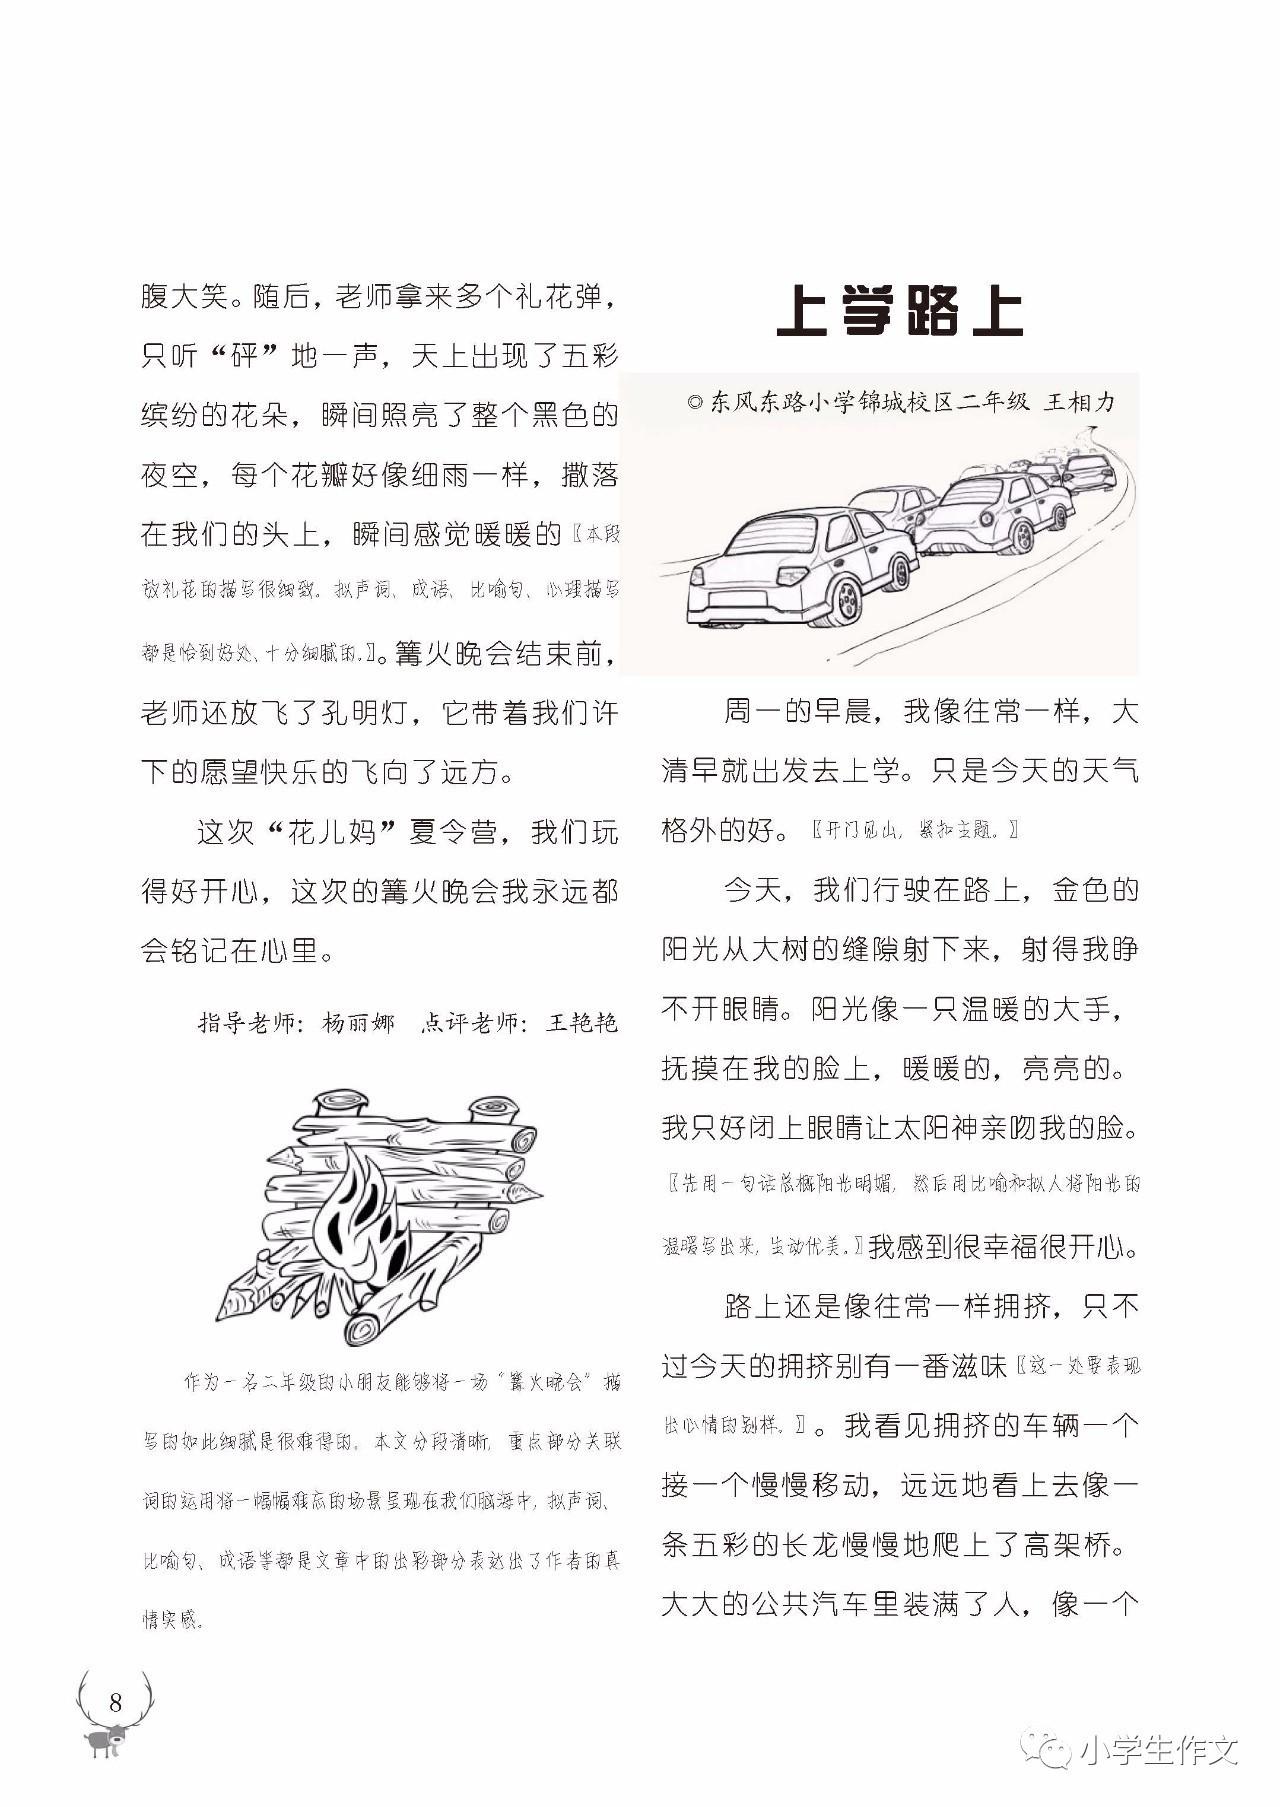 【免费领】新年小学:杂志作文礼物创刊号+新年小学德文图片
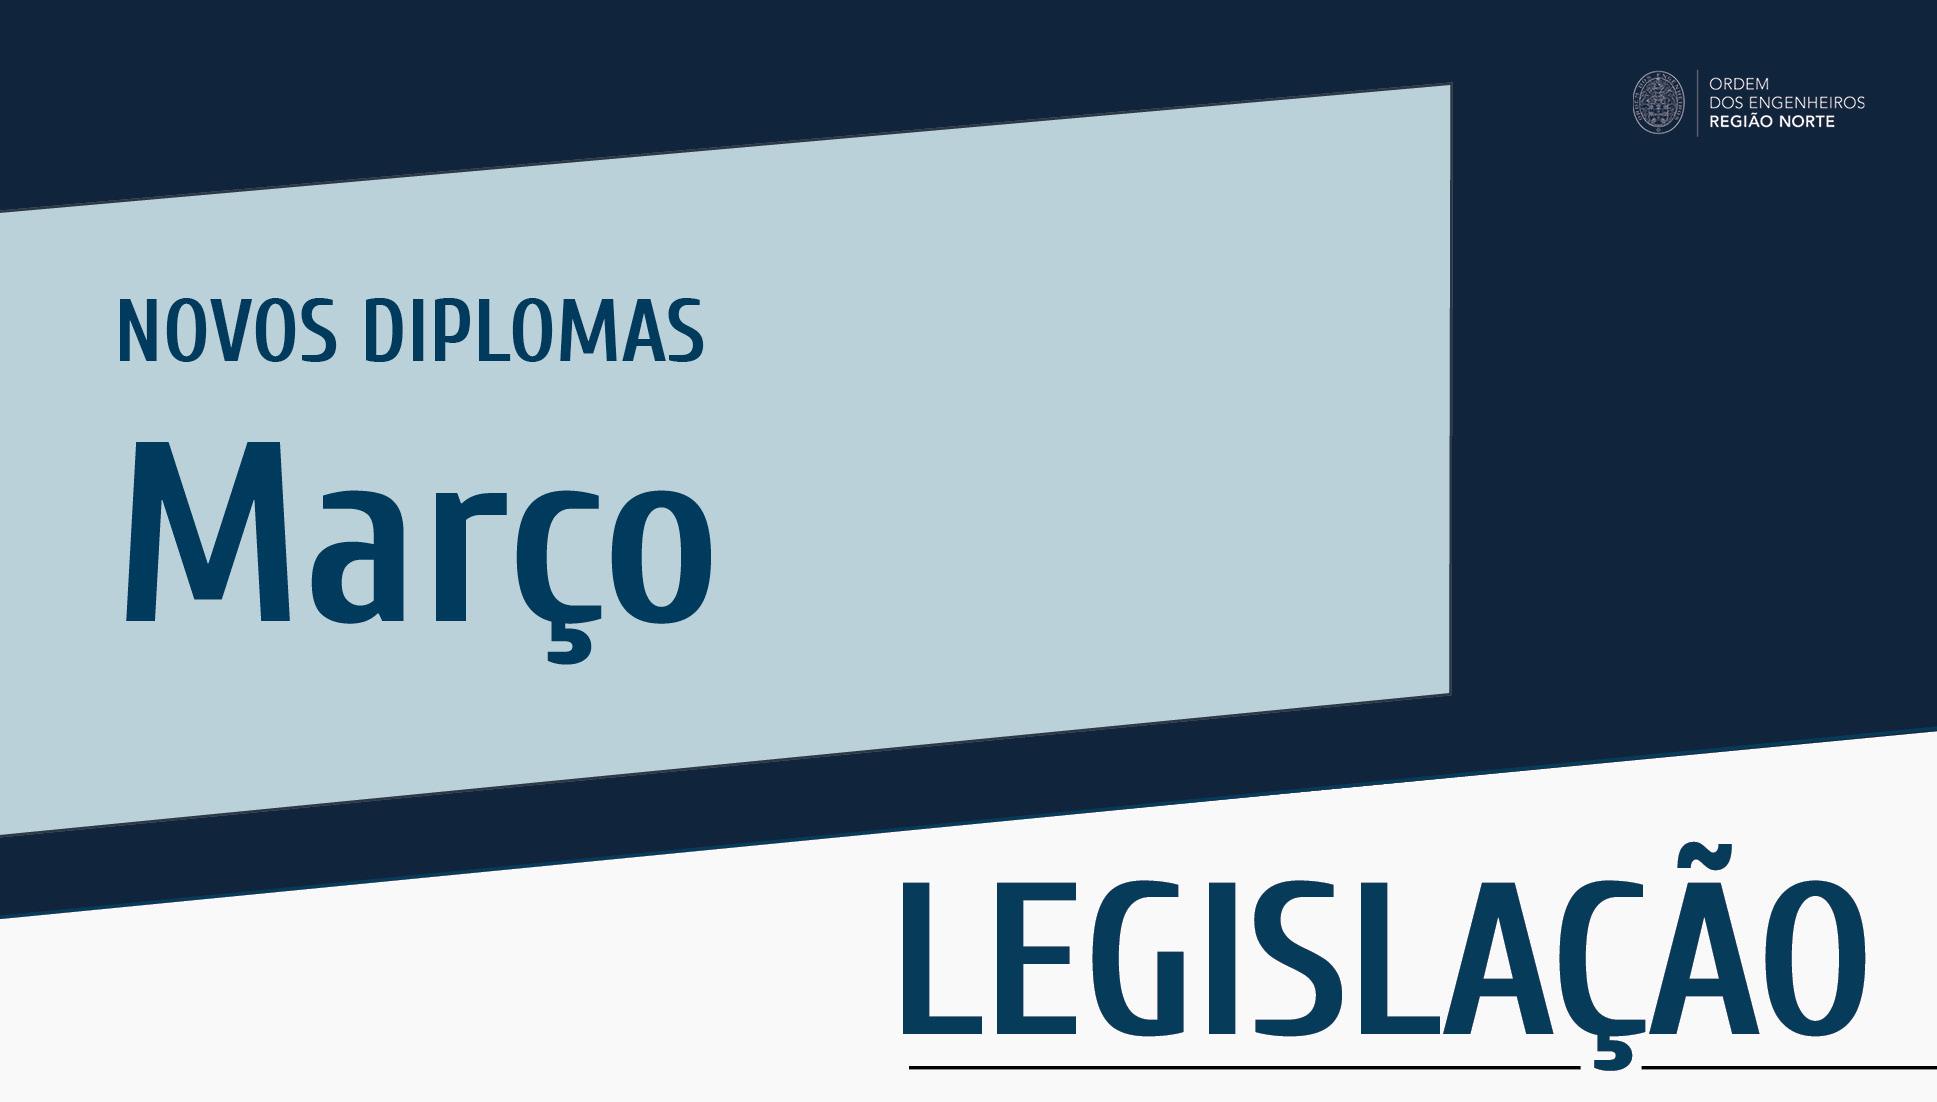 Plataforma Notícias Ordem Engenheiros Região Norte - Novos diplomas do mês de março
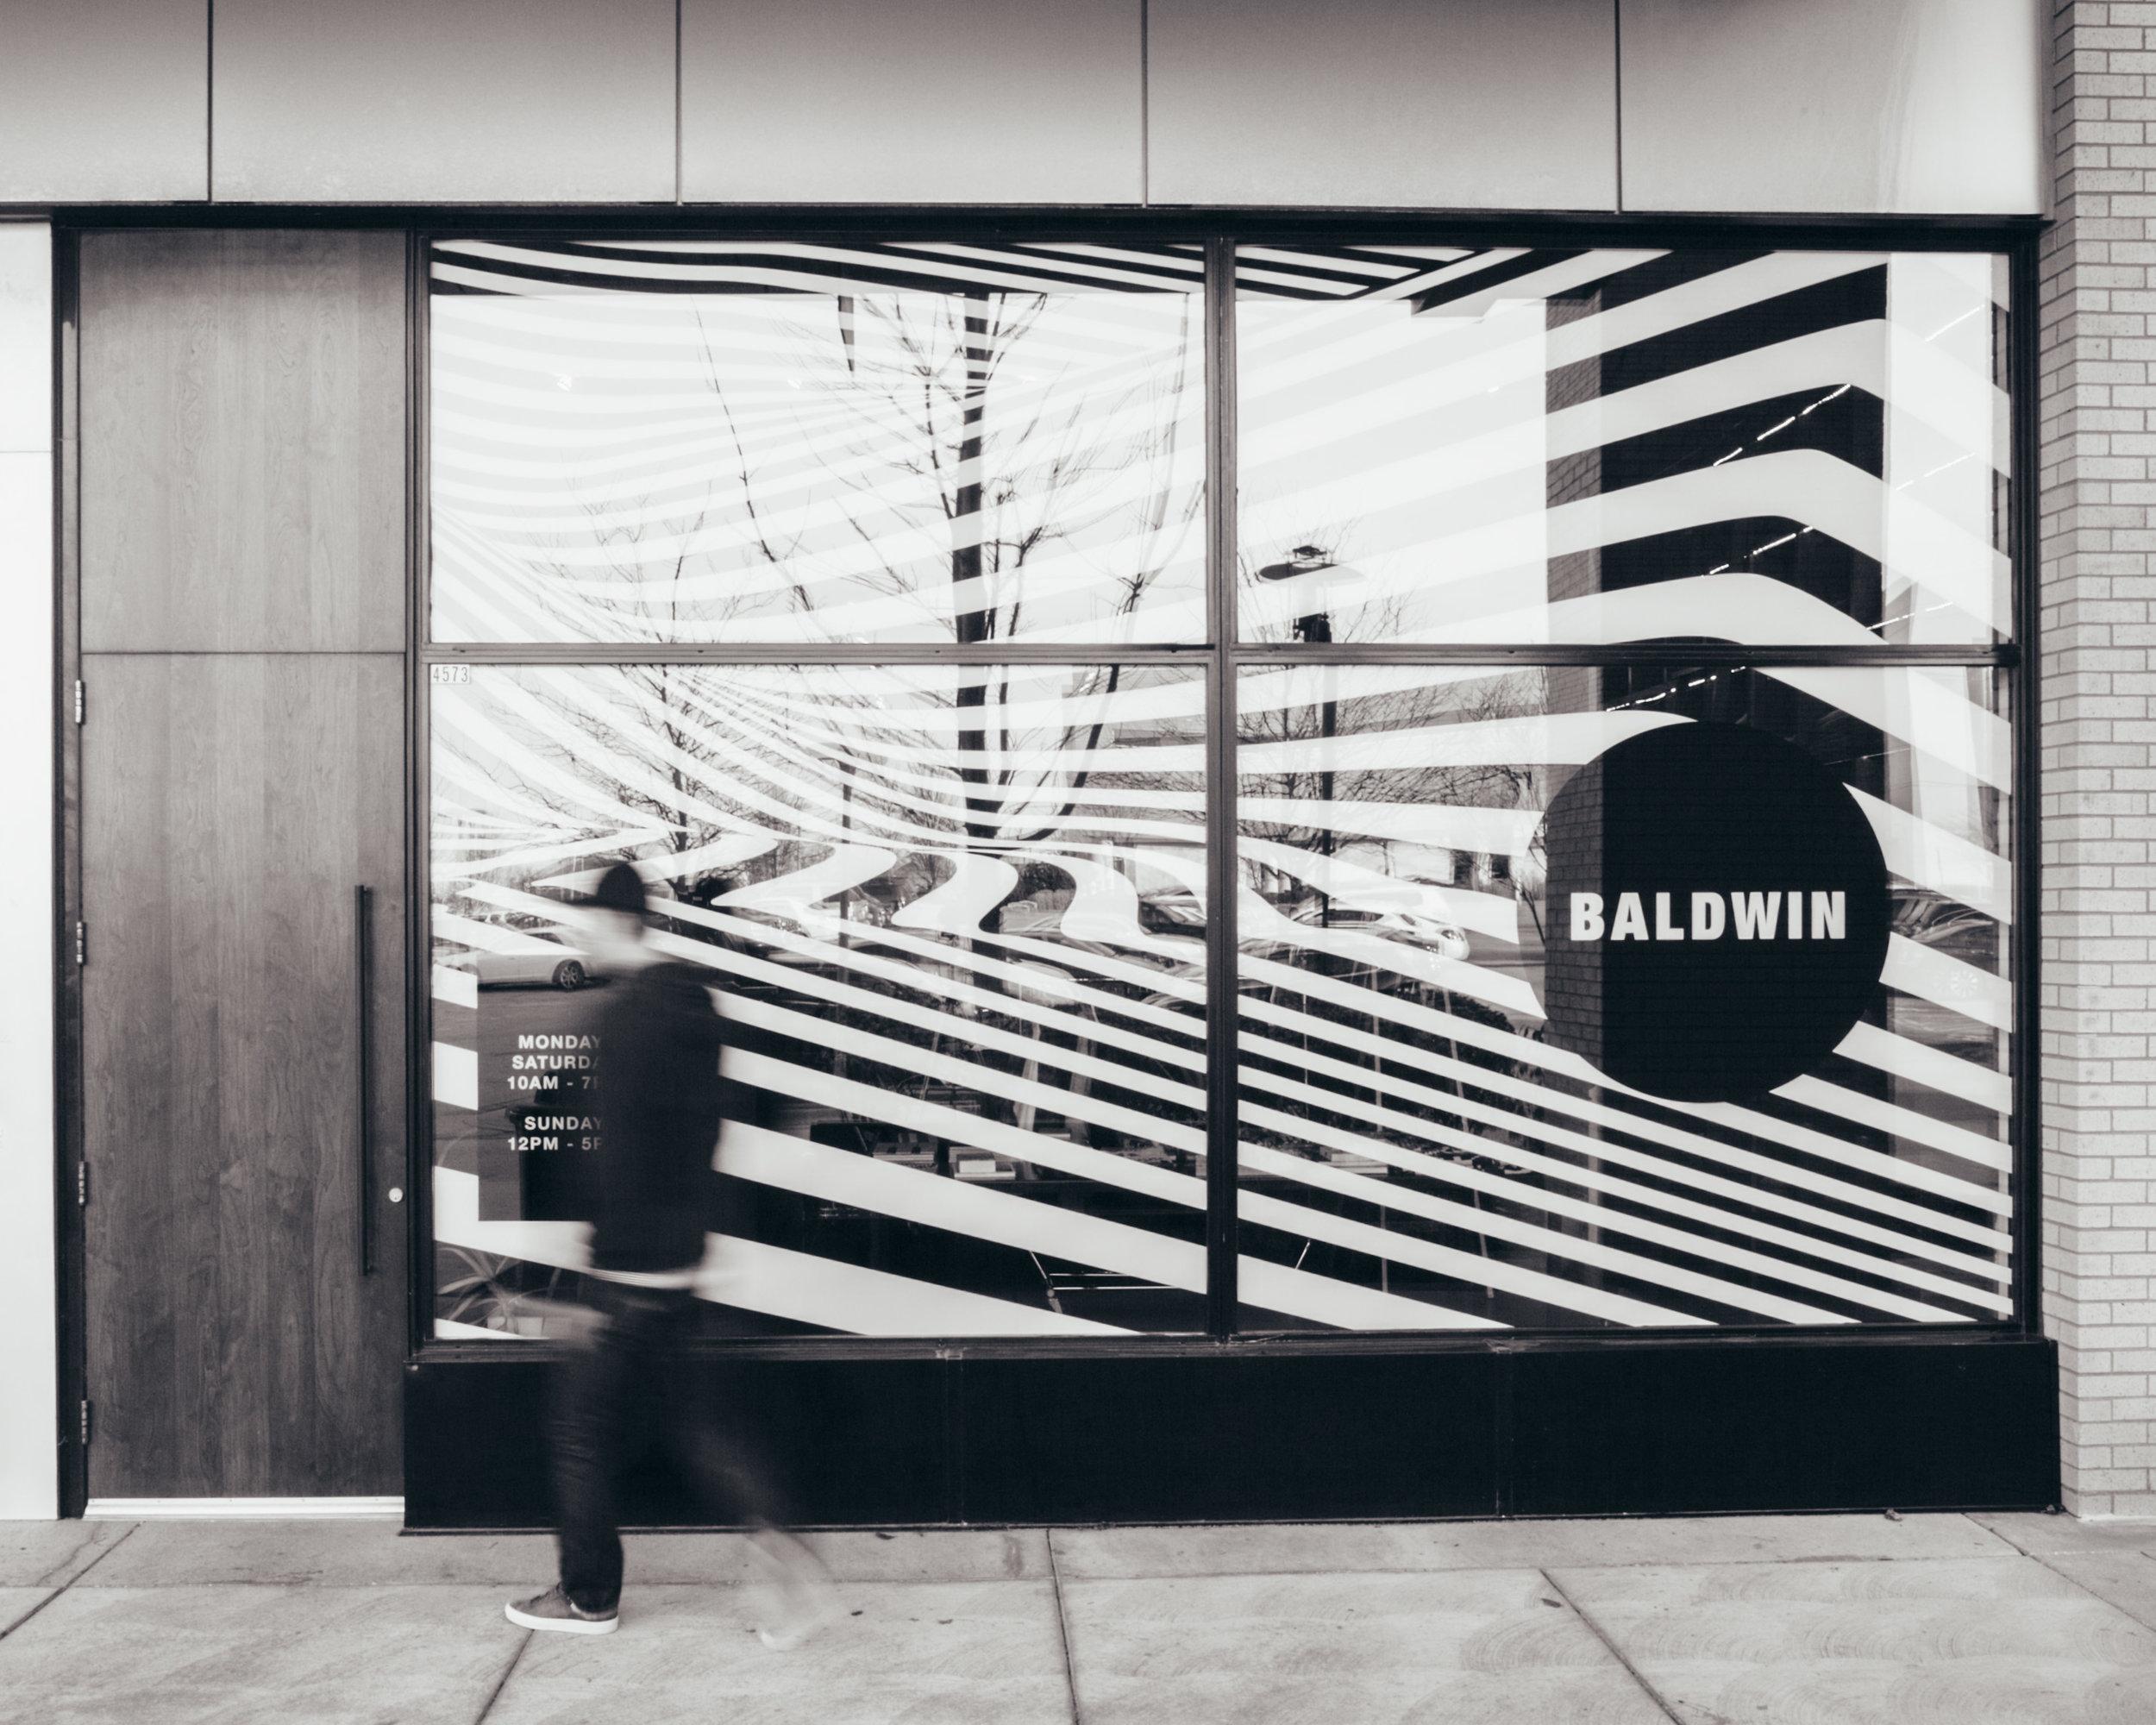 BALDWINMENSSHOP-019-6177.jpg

* **TASK TO CARRY OUT**
The whole listing is to be duplicated verbatim, apart from its images.

* **RESULT OF THIS EXERCISE**
 【免费领】新年小学:杂志作文礼物创刊号+新年小学德文图片
 Plataforma Notícias Ordem Engenheiros Região Norte - Novos diplomas do mês de março
 BALDWINMENSSHOP-019-6177.jpg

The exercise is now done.